[Stored items from a collection]
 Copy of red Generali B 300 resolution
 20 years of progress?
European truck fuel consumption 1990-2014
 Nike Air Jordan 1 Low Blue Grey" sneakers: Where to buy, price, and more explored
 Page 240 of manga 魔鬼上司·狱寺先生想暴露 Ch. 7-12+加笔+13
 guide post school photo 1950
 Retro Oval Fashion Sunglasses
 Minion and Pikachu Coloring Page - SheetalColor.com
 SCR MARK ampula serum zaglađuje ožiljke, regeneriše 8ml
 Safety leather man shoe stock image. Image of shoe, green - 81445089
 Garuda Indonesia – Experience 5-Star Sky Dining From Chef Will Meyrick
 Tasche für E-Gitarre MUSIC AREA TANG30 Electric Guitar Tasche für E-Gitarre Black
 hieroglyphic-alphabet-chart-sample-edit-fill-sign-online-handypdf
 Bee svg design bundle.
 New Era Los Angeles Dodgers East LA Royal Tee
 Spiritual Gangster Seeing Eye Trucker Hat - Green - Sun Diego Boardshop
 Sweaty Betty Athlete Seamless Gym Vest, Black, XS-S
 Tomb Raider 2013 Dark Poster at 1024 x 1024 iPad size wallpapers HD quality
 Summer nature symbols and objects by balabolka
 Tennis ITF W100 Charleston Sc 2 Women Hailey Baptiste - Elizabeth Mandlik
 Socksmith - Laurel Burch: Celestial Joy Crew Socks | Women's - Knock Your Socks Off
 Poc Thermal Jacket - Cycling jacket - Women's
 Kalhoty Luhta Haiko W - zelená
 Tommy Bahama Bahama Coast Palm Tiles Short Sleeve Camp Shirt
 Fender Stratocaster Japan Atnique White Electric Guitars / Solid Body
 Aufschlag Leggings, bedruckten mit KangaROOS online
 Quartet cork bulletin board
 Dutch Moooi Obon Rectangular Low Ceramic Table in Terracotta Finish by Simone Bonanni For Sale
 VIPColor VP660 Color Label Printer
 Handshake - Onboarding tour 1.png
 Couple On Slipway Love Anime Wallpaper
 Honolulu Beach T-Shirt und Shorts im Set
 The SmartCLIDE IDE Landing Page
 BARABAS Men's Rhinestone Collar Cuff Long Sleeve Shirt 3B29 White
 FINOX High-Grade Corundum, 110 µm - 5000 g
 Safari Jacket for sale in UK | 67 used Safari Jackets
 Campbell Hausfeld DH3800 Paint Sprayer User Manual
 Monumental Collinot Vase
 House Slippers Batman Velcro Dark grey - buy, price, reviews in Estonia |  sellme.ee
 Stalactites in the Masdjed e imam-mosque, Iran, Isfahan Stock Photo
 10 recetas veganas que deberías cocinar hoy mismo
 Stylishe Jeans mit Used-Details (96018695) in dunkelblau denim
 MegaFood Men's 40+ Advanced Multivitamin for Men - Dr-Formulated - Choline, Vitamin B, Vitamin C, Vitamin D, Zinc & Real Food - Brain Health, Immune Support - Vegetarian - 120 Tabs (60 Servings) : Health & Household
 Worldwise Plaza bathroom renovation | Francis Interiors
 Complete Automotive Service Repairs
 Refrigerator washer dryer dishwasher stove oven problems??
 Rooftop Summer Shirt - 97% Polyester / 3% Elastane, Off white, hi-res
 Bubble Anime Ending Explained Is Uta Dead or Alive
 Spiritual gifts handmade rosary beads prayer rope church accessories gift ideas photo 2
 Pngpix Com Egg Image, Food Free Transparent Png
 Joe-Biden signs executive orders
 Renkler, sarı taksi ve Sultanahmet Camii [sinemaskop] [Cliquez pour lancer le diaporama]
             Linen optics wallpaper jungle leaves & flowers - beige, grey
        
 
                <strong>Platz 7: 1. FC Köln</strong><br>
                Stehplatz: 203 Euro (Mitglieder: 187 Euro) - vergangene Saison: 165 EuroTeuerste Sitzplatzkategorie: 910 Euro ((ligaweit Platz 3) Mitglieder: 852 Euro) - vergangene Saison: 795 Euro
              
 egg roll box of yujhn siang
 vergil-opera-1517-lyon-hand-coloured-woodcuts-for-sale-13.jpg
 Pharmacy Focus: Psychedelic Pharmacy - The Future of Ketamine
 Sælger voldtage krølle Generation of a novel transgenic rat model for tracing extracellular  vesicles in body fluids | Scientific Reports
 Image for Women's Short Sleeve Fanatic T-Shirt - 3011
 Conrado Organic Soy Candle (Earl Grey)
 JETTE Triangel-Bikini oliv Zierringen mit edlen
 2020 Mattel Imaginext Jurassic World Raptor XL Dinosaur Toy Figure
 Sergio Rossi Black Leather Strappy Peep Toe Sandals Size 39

▶ WORK INSTRUCTIONS: One stretch of the lines above is wanted, from the line that contains "Bubble Anime Ending" through the line that contains "Renkler, sarı taksi". Output it exactly.

▶ EXERCISE SOLUTION:
 Bubble Anime Ending Explained Is Uta Dead or Alive
 Spiritual gifts handmade rosary beads prayer rope church accessories gift ideas photo 2
 Pngpix Com Egg Image, Food Free Transparent Png
 Joe-Biden signs executive orders
 Renkler, sarı taksi ve Sultanahmet Camii [sinemaskop] [Cliquez pour lancer le diaporama]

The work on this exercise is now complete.